On July 5, 2017, Cartt reported via a Rogers representative that G4 would shut down on August 31, 2017, and that it would not be replaced with a new service. The channel shut down at midnight on that date. The channel space created by TechTV in 2001 ceased to exist shortly after. The representative cited "the current competitive television landscape" and a desire to focus on Rogers' "core specialty portfolio"; some of its programming were moved to Citytv.
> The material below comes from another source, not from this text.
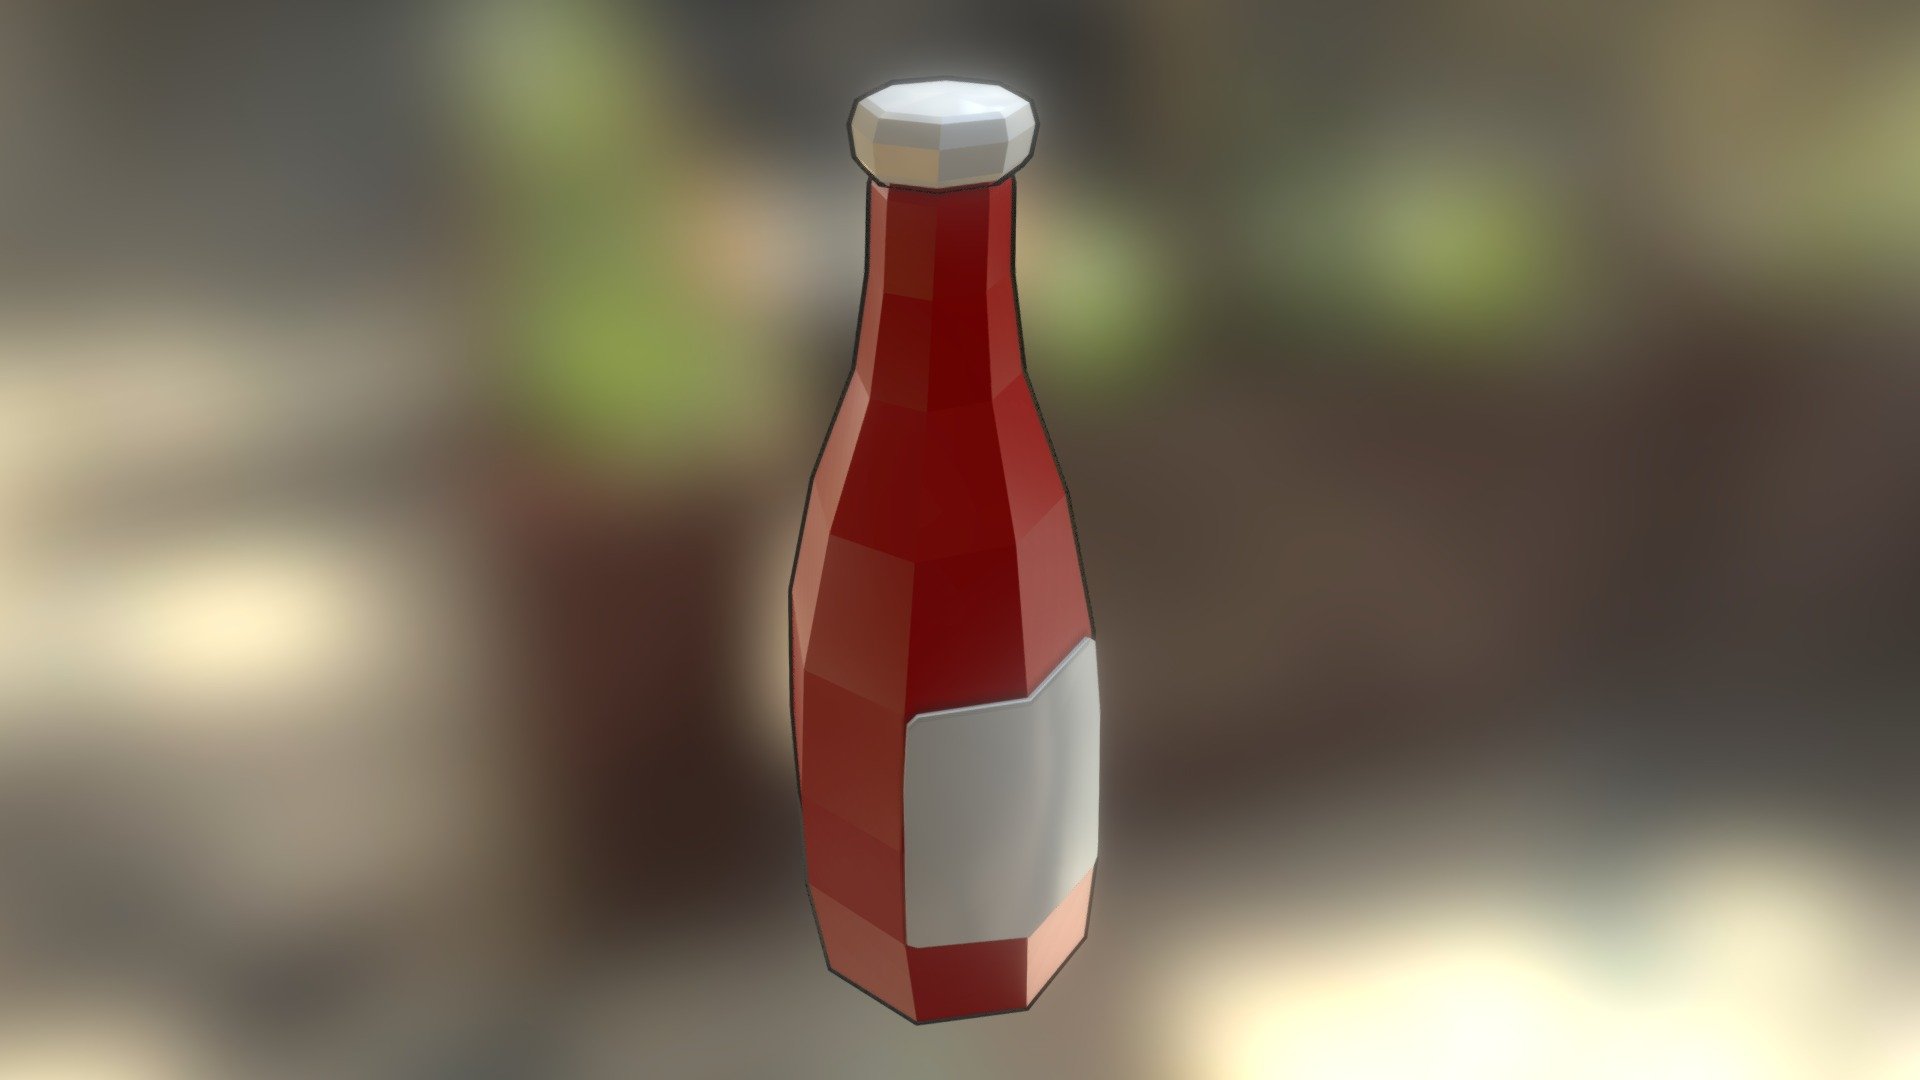 Literally just a bottle of ketchup.

The CRTC approved the revocation of G4's licence in August 2017. On all cable providers, G4 was either replaced by OLN or TSC. By coincidence, G4's Canadian iteration outlasted both its American mother network and Esquire Network, G4's intended replacement, which ended all operations on June 28, 2017. Canada never received the limited relaunch of G4 from the United States in the fall of 2021 before its shutdown nearly a year later, though some of its content was available region-free via YouTube and Twitch.

==Programming==

The channel primarily aired technology and gaming-related programming acquired from its American counterparts, along with several Canadian-produced series. During its final years, G4 would air reruns of shows sourced from Rogers' sibling networks.

==Distribution==
As a category 1 television service, G4 Canada carriage was mandatory for all digital cable and direct broadcast satellite providers in Canada in English-majority markets with channel capacity.

G4, under the name G4techTV, was broadcast internationally in Barbados. The government-owned Caribbean Broadcasting Corporation in Barbados switched from providing the American-based feed, in favour of the Canadian channel for its cable television network known as Multi-Choice TV. The provider discontinued carriage before the network's shutdown.